Annu Rep Comput Chem. 2009 Jan 1;5:23-48. doi: 10.1016/S1574-1400(09)00502-7.
Growing computing capacity and algorithmic advances have facilitated the study of increasingly large biomolecular systems at longer timescales. However, with these larger, more complex systems come questions about the quality of sampling and statistical convergence. What size systems can be sampled fully? If a system is not fully sampled, can certain "fast variables" be considered well-converged? How can one determine the statistical significance of observed results? The present review describes statistical tools and the underlying physical ideas necessary to address these questions.
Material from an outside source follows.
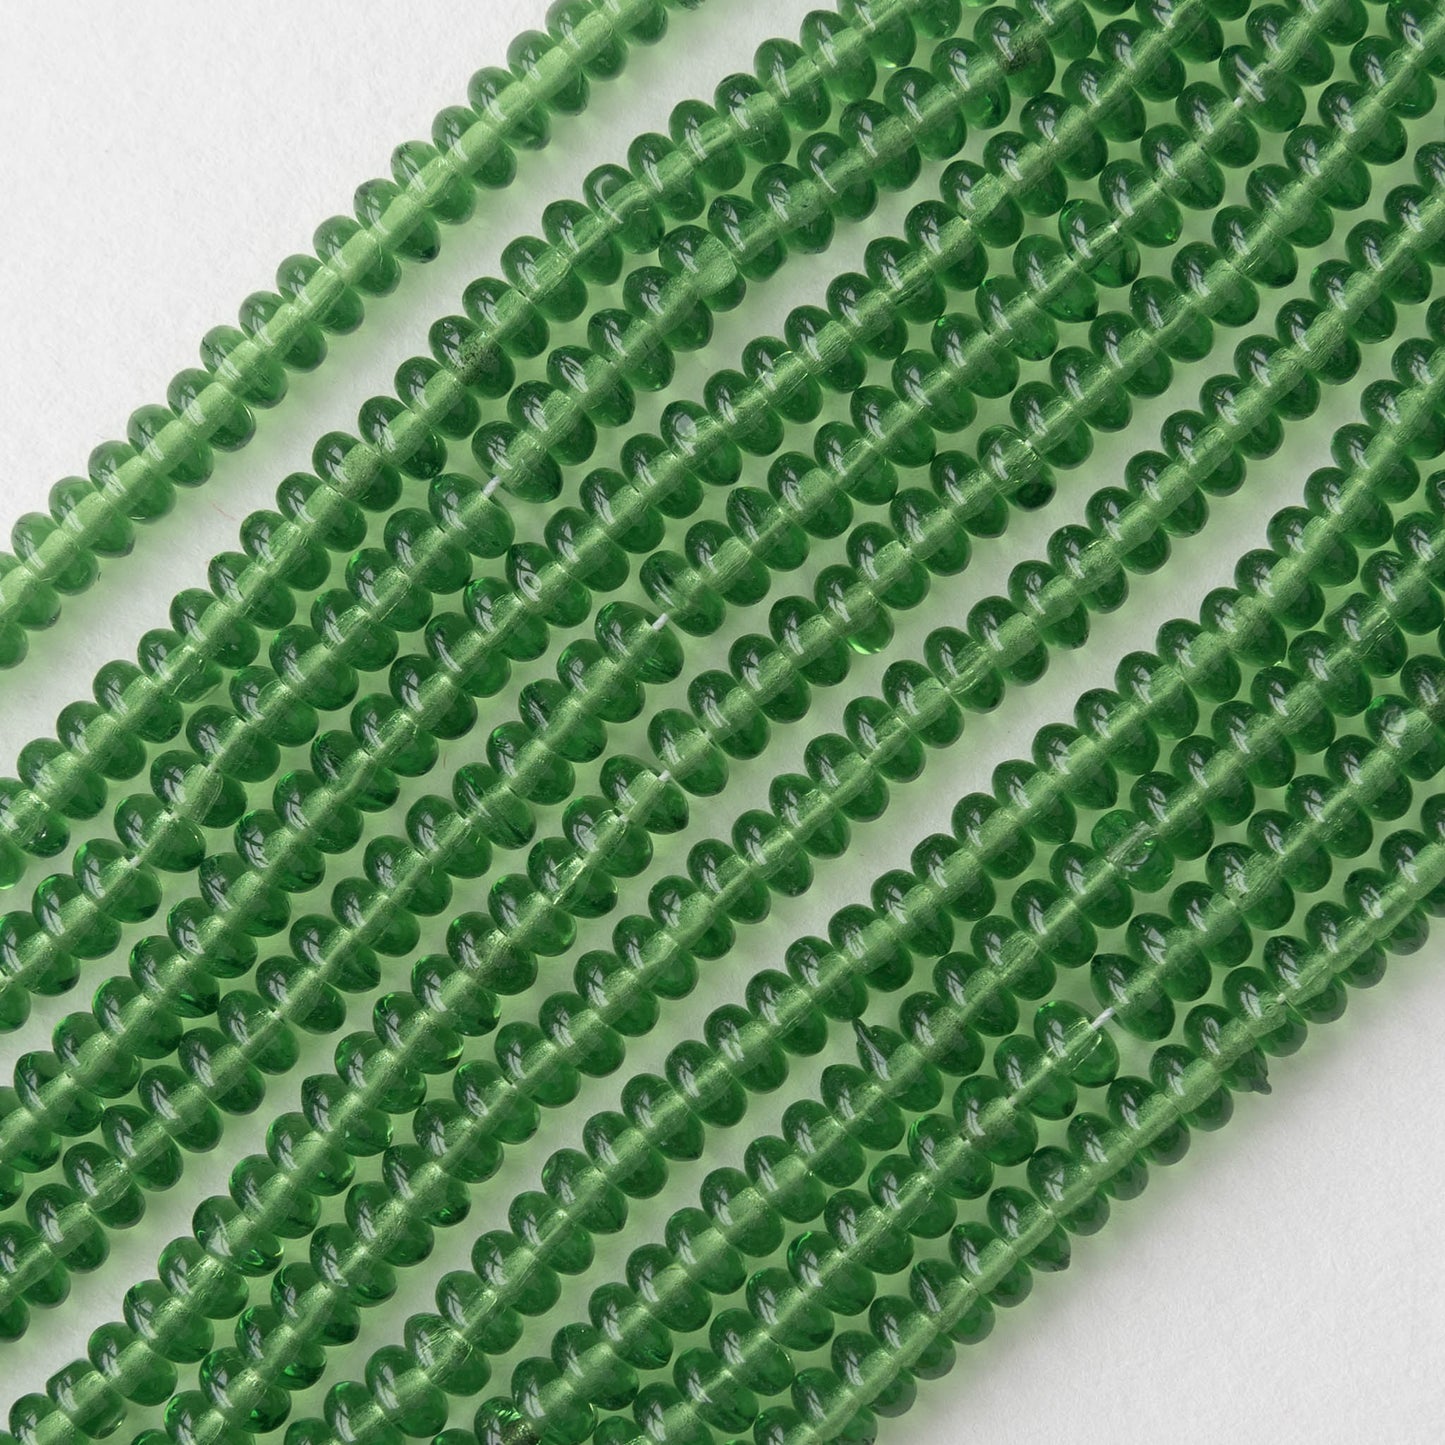 4mm Rondelle Beads - Prairie Green - 100 Beads

Basic definitions and ready-to-use analyses are provided, along with explicit recommendations. Such statistical analyses are of paramount importance in establishing the reliability of simulation data in any given study.
计算能力的不断提升和算法的进步,使得在更长的时间尺度上对越来越大的生物分子系统进行研究变得更加容易。然而,随着这些更大、更复杂的系统的出现,关于采样质量和统计收敛性的问题也随之而来。多大规模的系统能够被完全采样?如果一个系统没有被完全采样,某些“快速变量”能否被认为是充分收敛的?如何确定观测结果的统计显著性?本综述描述了用于解决这些问题所需的统计工具和基本物理概念。文中提供了基本定义和现成可用的分析方法,并给出了明确的建议。在任何特定研究中,此类统计分析对于确立模拟数据的可靠性至关重要。